Wenn der Abwärtstrend zur Gewohnheit wird: XRP und XLM im Kreuzfeuer der Unsicherheit
Heute ist der 23.06.2026 und wir werfen einen Blick auf die aktuelle Situation von Ripple (XRP) und Stellar (XLM), die beide unter einem beträchtlichen Verkaufsdruck stehen. Kein Wunder, dass die Anleger vorsichtig geworden sind – die Stimmung am Markt ist angespannt und die Unsicherheiten nehmen zu. XRP notiert aktuell bei 1,12 USD, hat sich aber in den letzten Tagen nicht über die obere Begrenzung seines fallenden Kanals hinausbewegt. Das ist schon mal ein dicker Brocken für die Investoren.
XLM, das sich in einer ähnlichen Situation befindet, hat an fünf aufeinanderfolgenden Tagen um über 15 % verloren. Es scheint, als wolle der Kurs einfach nicht zur Ruhe kommen. On-Chain- und Derivatedaten deuten auf eine sehr vorsichtige Anlegerstimmung hin, was das Risiko weiterer Verluste für beide Kryptowährungen erhöht. XRP kämpft darum, die obere Begrenzung seines fallenden Kanals zurückzuerobern, während die On-Chain-Aktivitäten schwach sind und die Derivatemetriken bärische Signale senden.
Marktsituation und technische Indikatoren
Wenn wir uns die Zahlen genauer anschauen, sieht es nicht rosig aus. Das Open Interest (OI) der XLM-Futures ist auf 2,70 Milliarden USD gefallen, was einen Rückgang der Anlegerbeteiligung signalisiert. Auch XRP hat es nicht besser, hier ist das OI auf 175 Millionen USD gefallen. Diese Werte sprechen eine klare Sprache: Der Markt ist von einem bärischen Ausblick geprägt.

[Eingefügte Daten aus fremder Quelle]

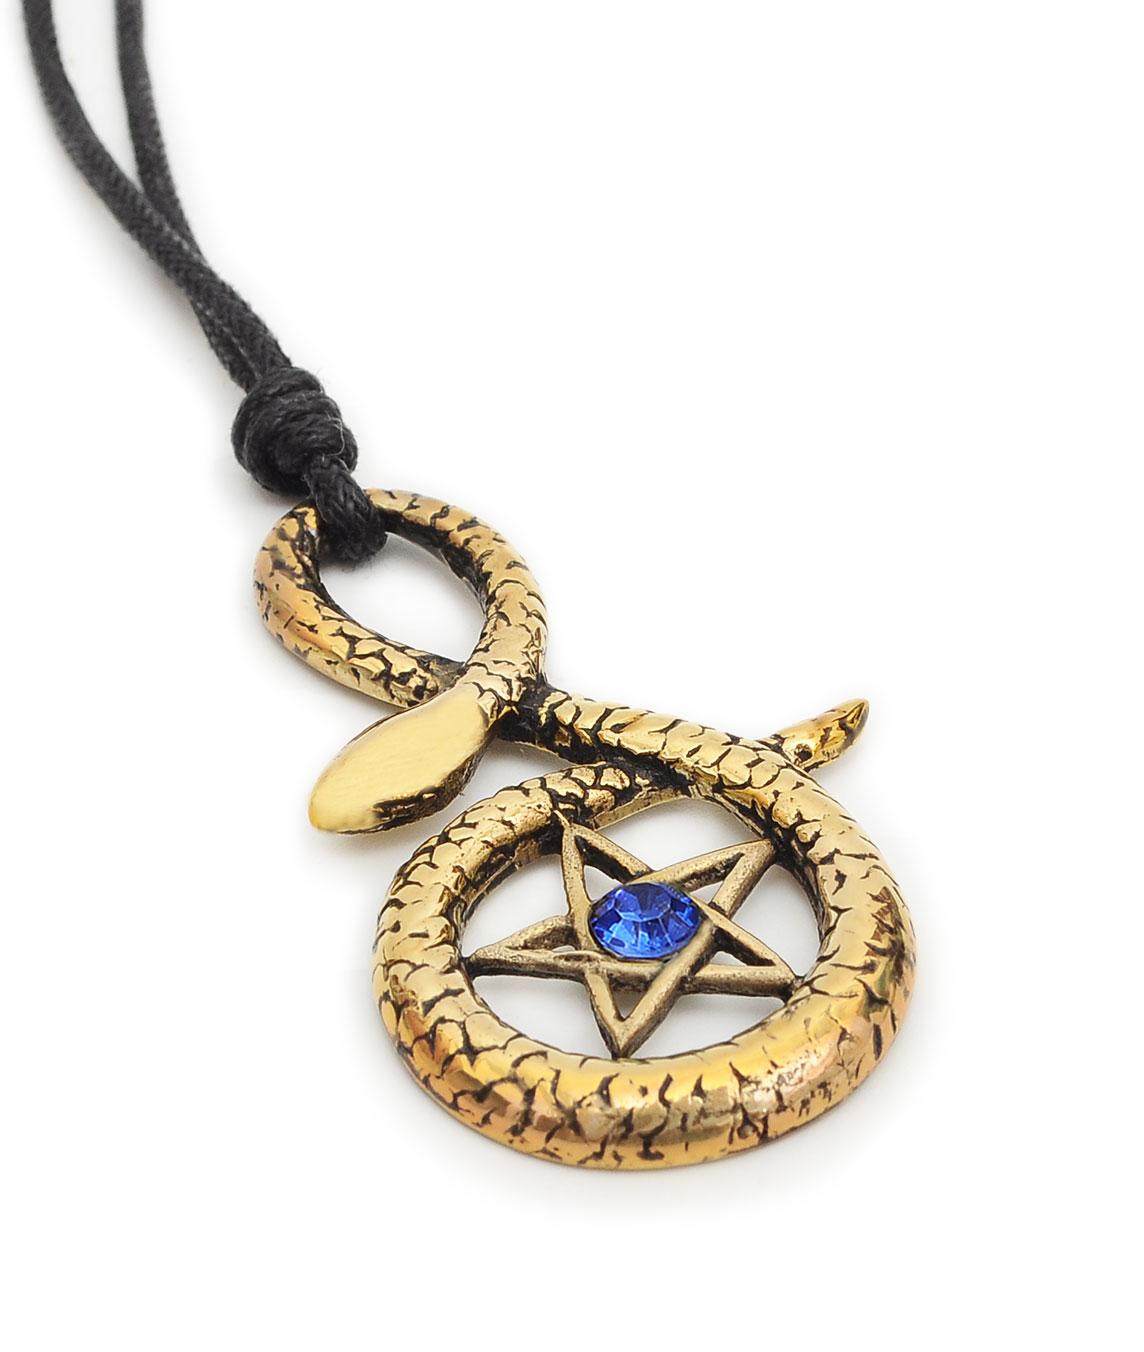 pentagram snake handmade brass necklace pendant jewelry ebay
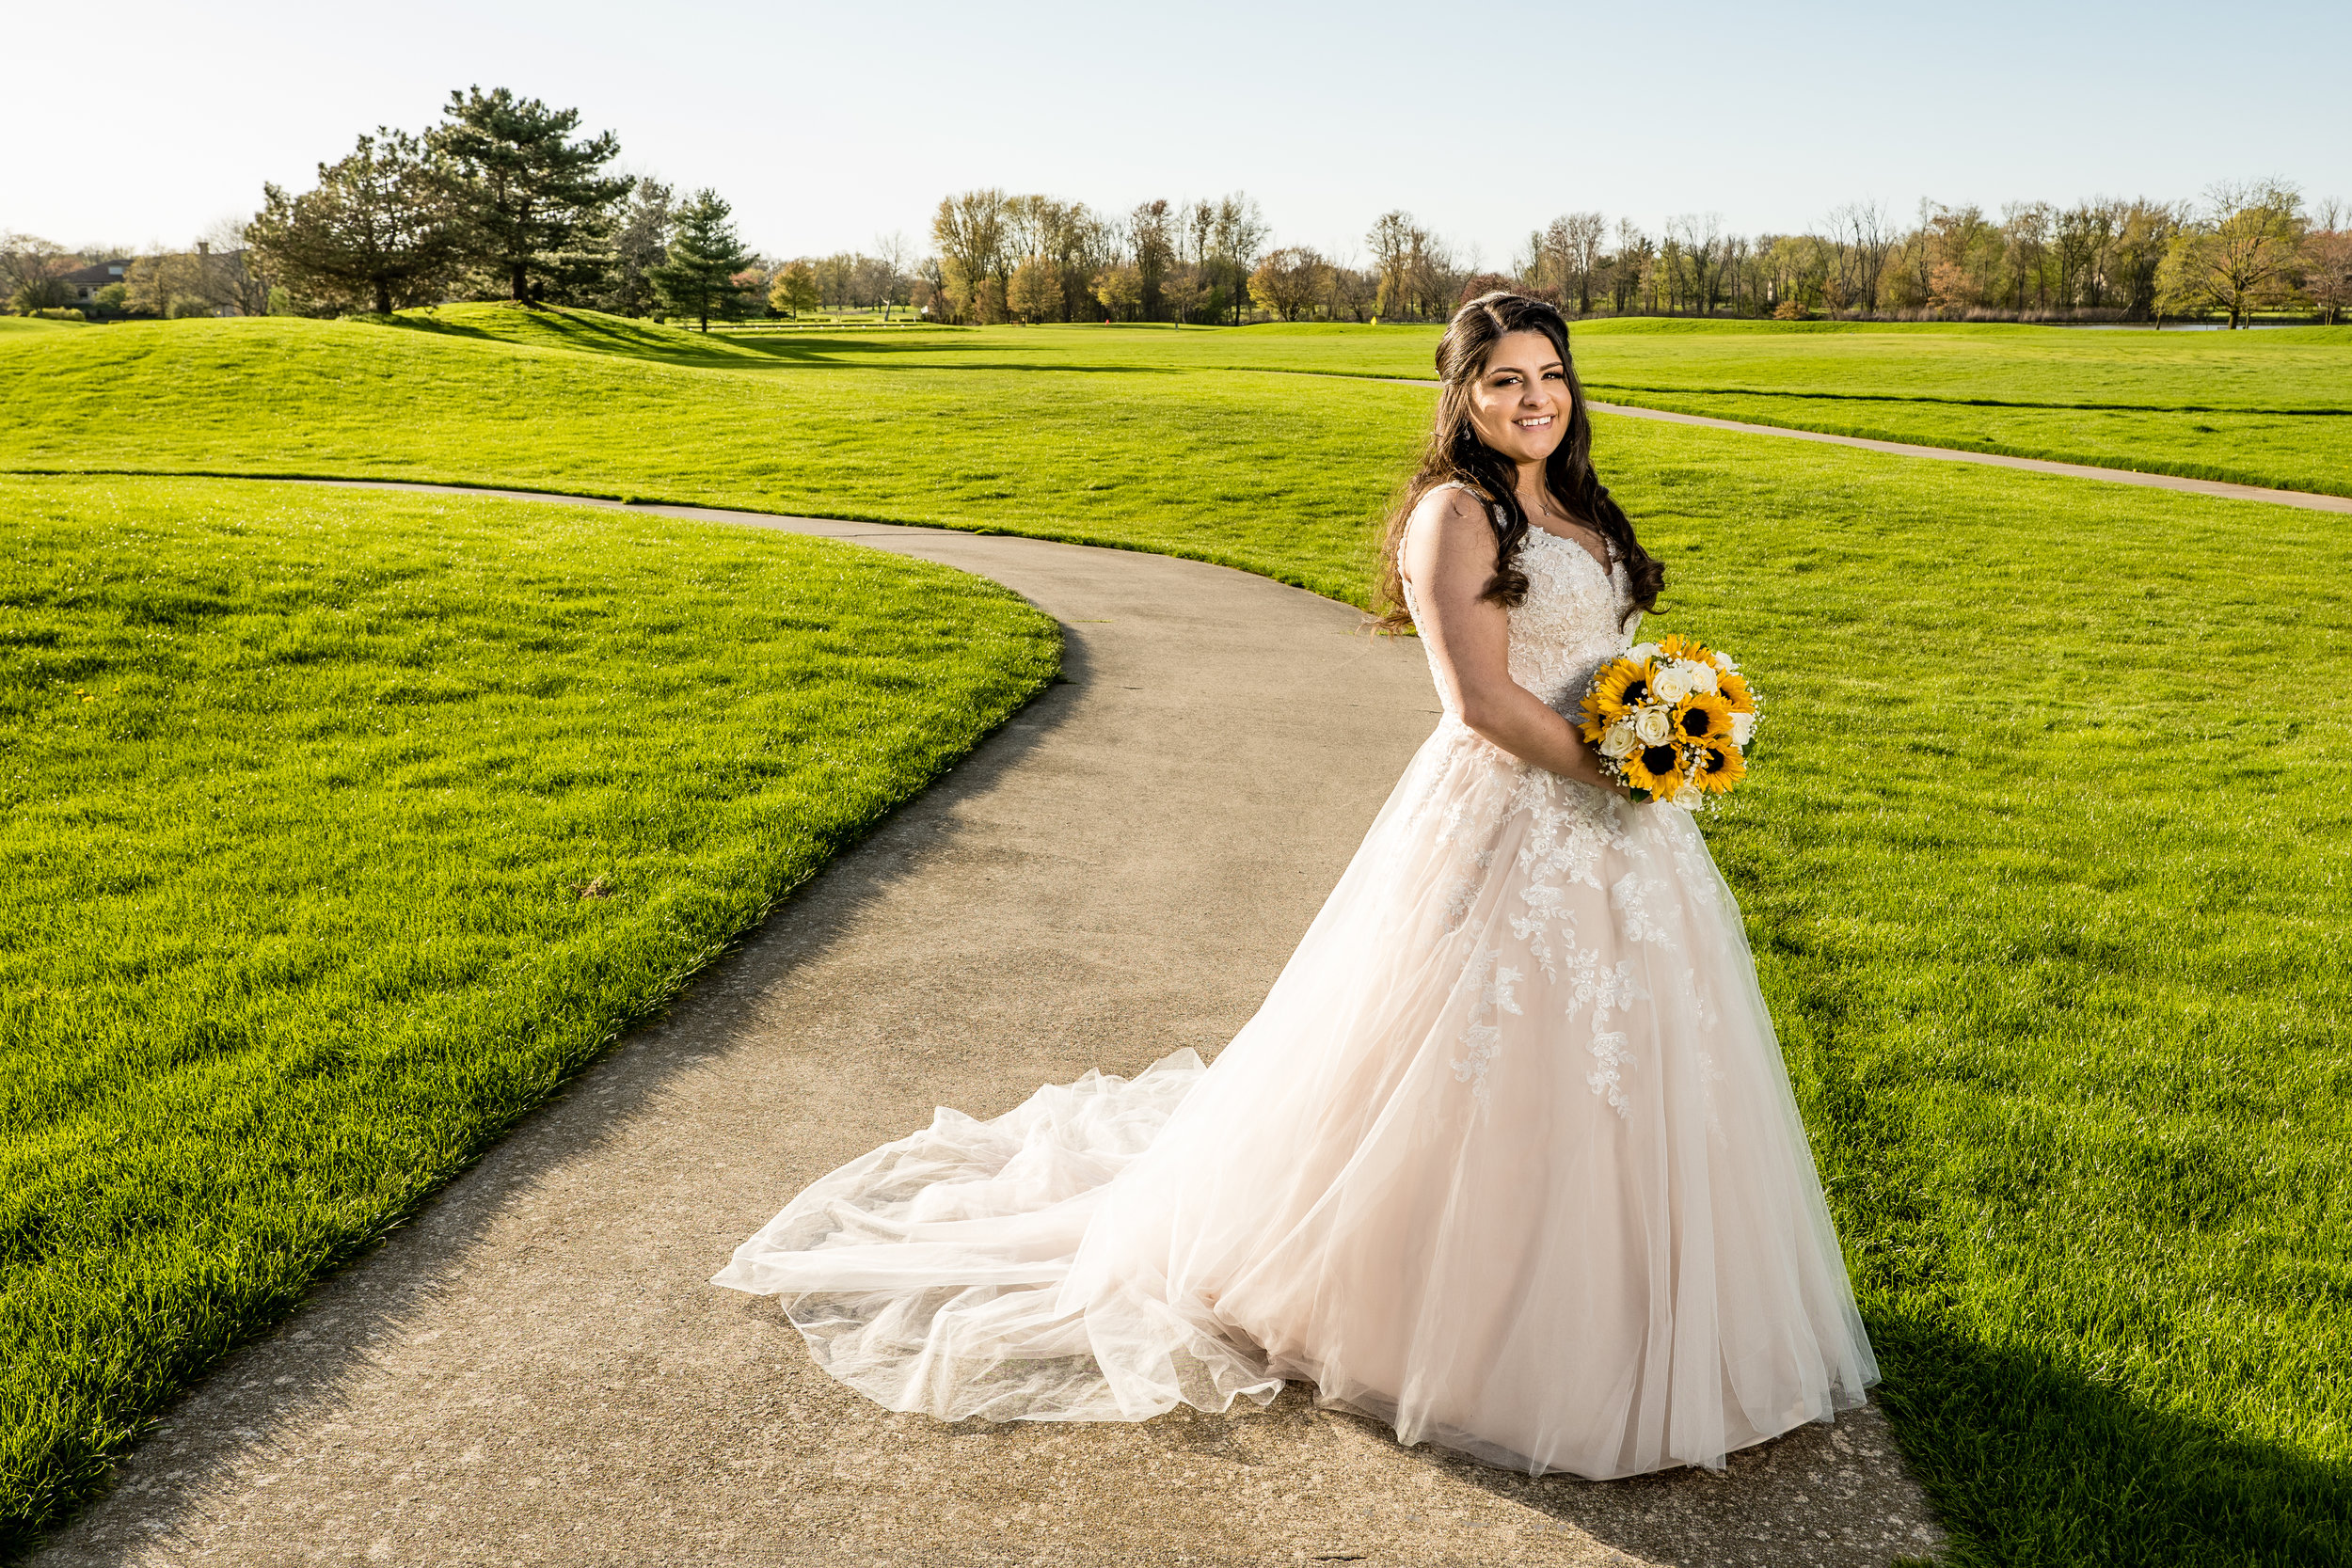 {Photography by: Region Weddings}

Das Long-to-Short-Verhältnis für XRP liegt bei 0,87, während XLM bei 0,77 notiert – das sind beides Werte, die auf eine größere Anzahl an Short-Positionen hinweisen.
Schaut man sich die Spotmärkte an, zeigt sich ein gemischtes Bild. Während XRP große Wal-Orders verzeichnet, hat XLM mit einer Überhitzung und einer dominierenden Verkaufsseite zu kämpfen. Die Spot Exchange Traded Funds (ETFs) für XRP haben am Montag immerhin einen Zufluss von 5,31 Millionen USD verzeichnet, was ein kleines Licht in der Dunkelheit ist. Aber um ehrlich zu sein, der technische Gesamteindruck bleibt defensiv.

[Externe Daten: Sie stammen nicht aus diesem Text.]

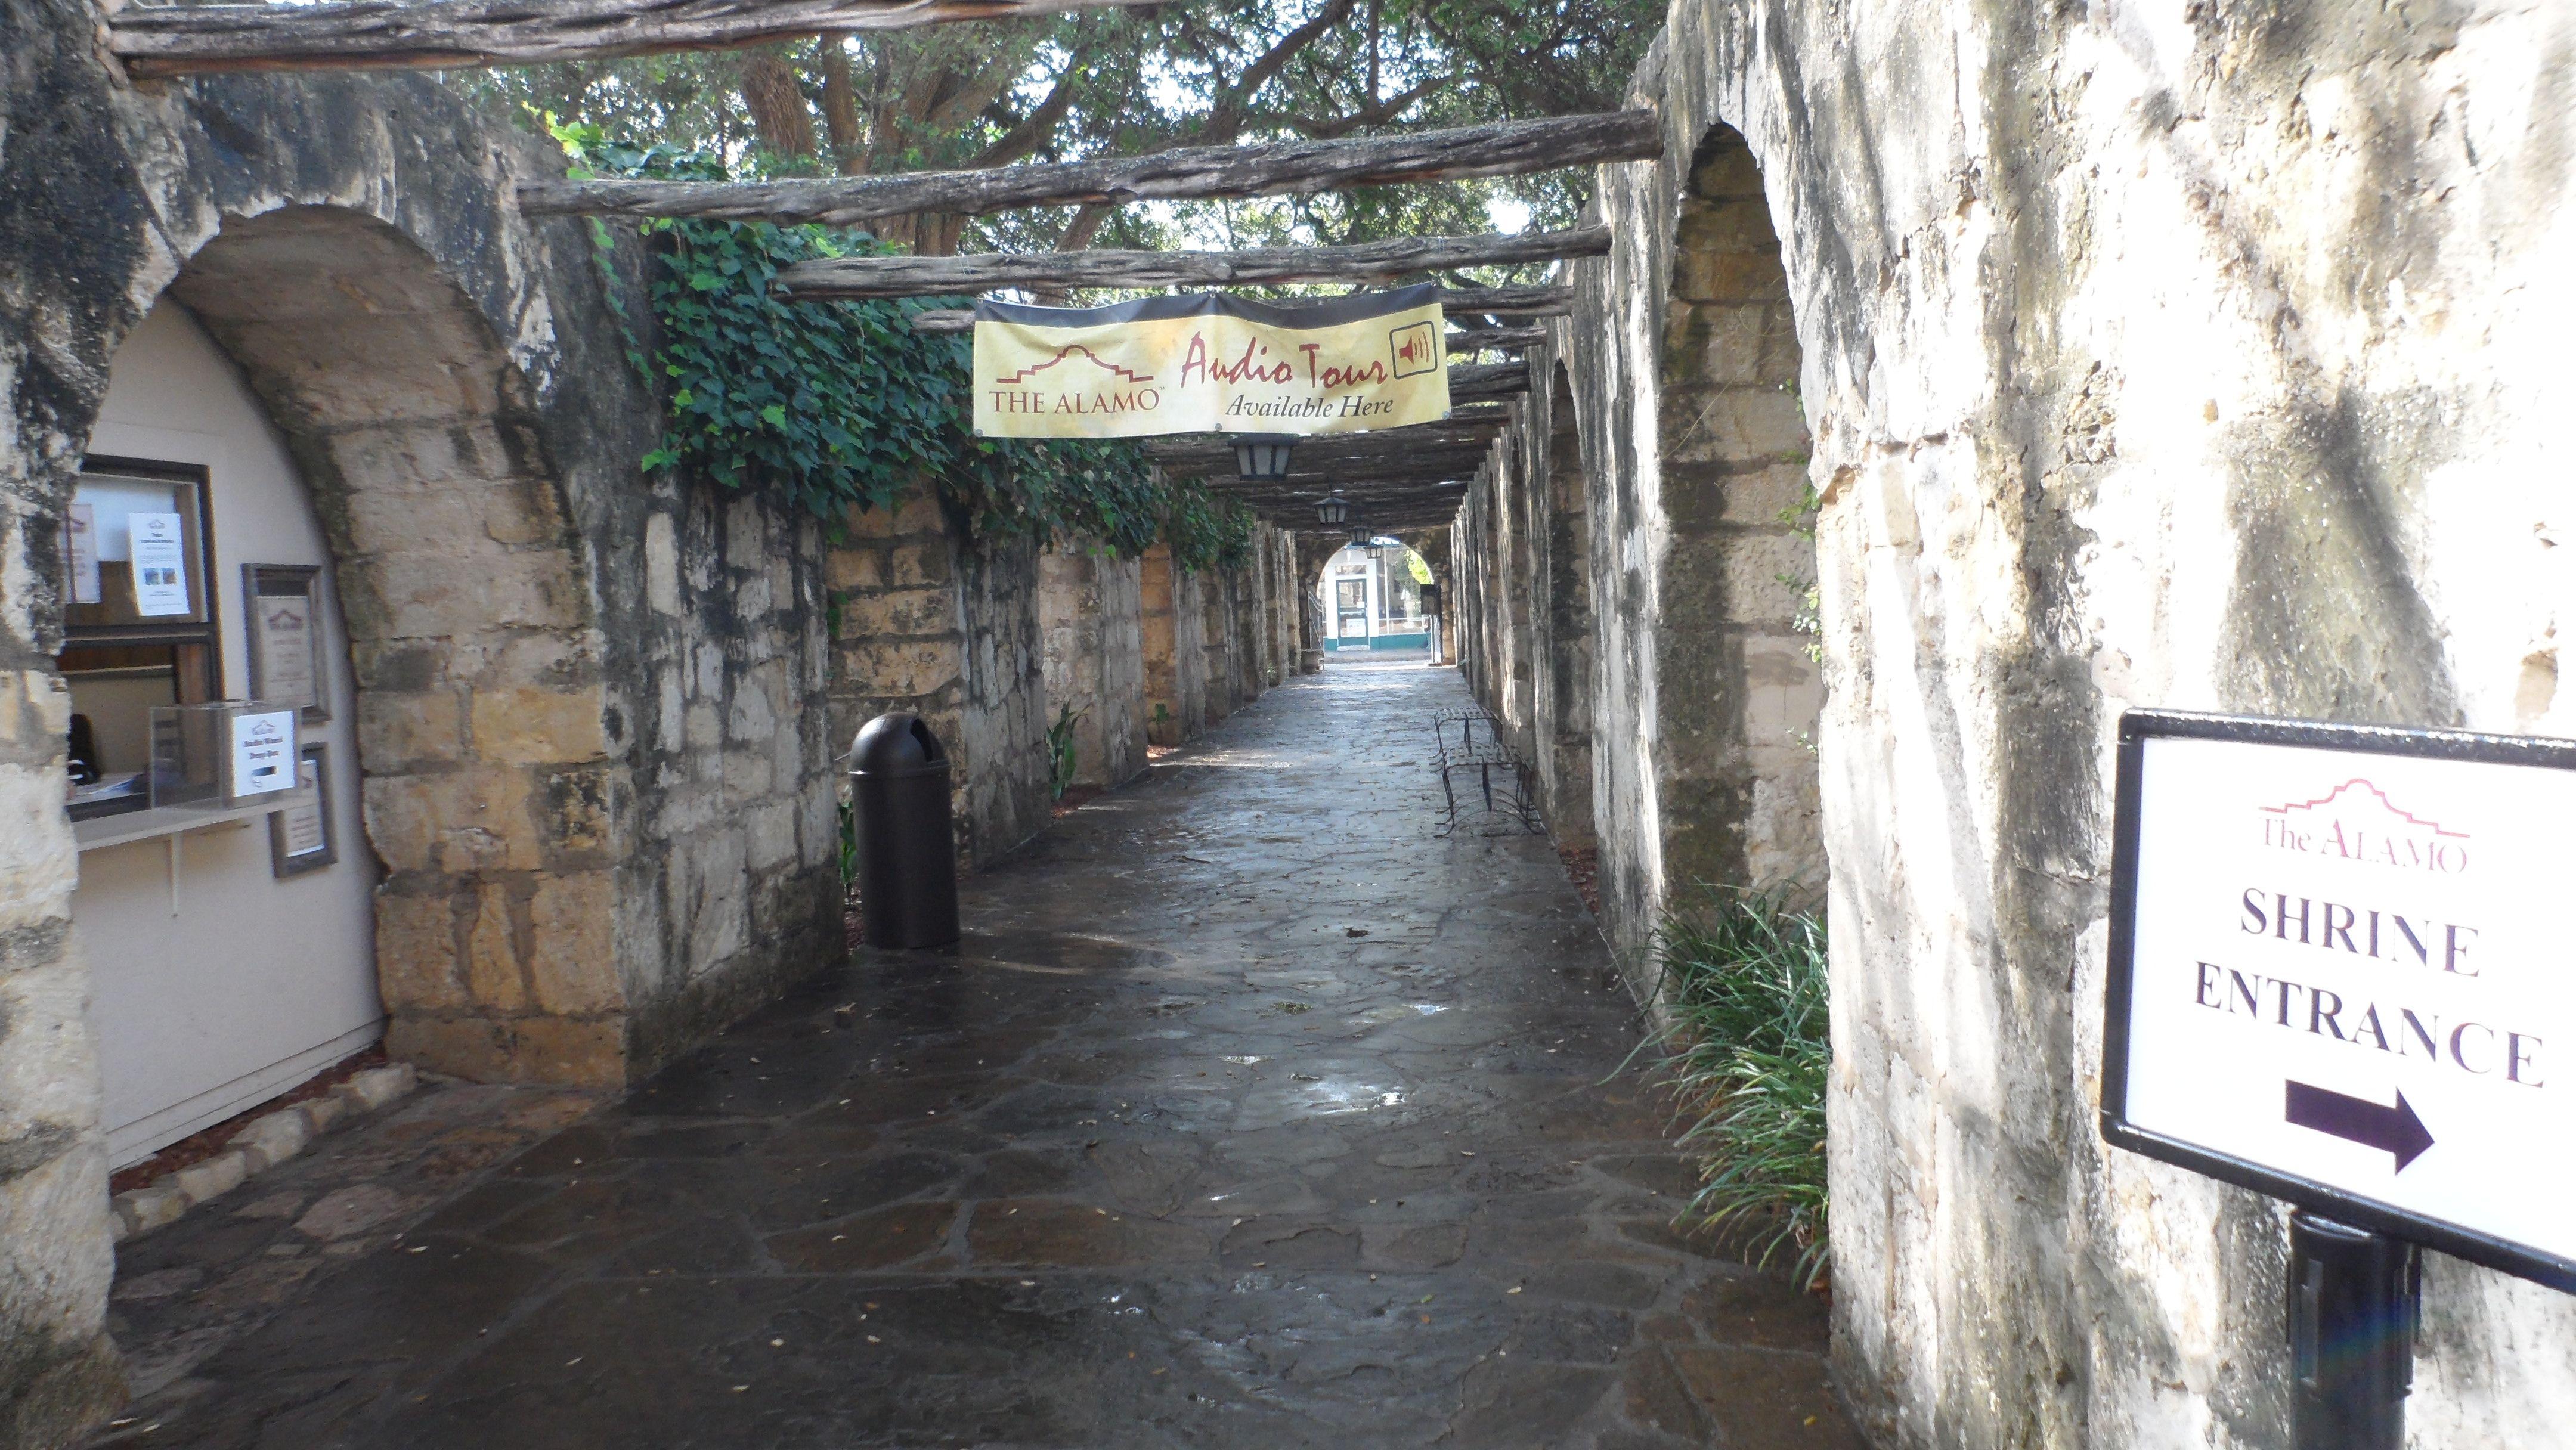 A part of the Alamo garrison

Widerstände und Unterstützungen
Die technischen Indikatoren sind ebenfalls nicht gerade optimistisch. XRP liegt unter den 50-, 100- und 200-Tage-Exponential Moving Averages (EMAs) und hat den ersten Widerstand bei 1,199 USD, gefolgt von 1,248 USD (50-Tage-EMA) und 1,300 USD. XLM wiederum notiert bei 0,1994 USD, unter dem 200-Tage-EMA bei 0,2028 USD und hat Unterstützung bei 0,1926 USD (50-Tage-EMA). Es ist ein ständiger Kampf, der da ausgefochten wird.
Der RSI für XRP liegt bei 39 und der MACD ist mild positiv, aber abflachend. Bei XLM sehen wir einen RSI von 48 und einen leicht negativen MACD. Man kann nur spekulieren, was als Nächstes kommt. Die Unsicherheiten auf dem Markt sind spürbar, und die regulatorischen Anforderungen in der EU (MiCA) verschärfen sich zusätzlich, was ebenfalls Auswirkungen auf den Kryptomarkt hat.
Perspektiven und Anlegerstimmung
Die steigende Retail-Aktivität bei XLM zeigt, dass viele Kleinanleger aufspringen wollen, doch die Dominanz auf der Sell-Seite ist stark. Marktanalysten betonen, dass Ausbrüche in Phasen sinkender Beteiligung oft nicht nachhaltig sind. Es bleibt abzuwarten, wie sich die Situation entwickeln wird. Die kommenden Tage könnten entscheidend sein, um zu sehen, ob XRP und XLM sich aus diesem Abwärtstrend befreien können oder ob die Korrektur noch tiefer geht. Die Unsicherheit bleibt ein ständiger Begleiter auf dieser Reise durch die Welt der Kryptowährungen.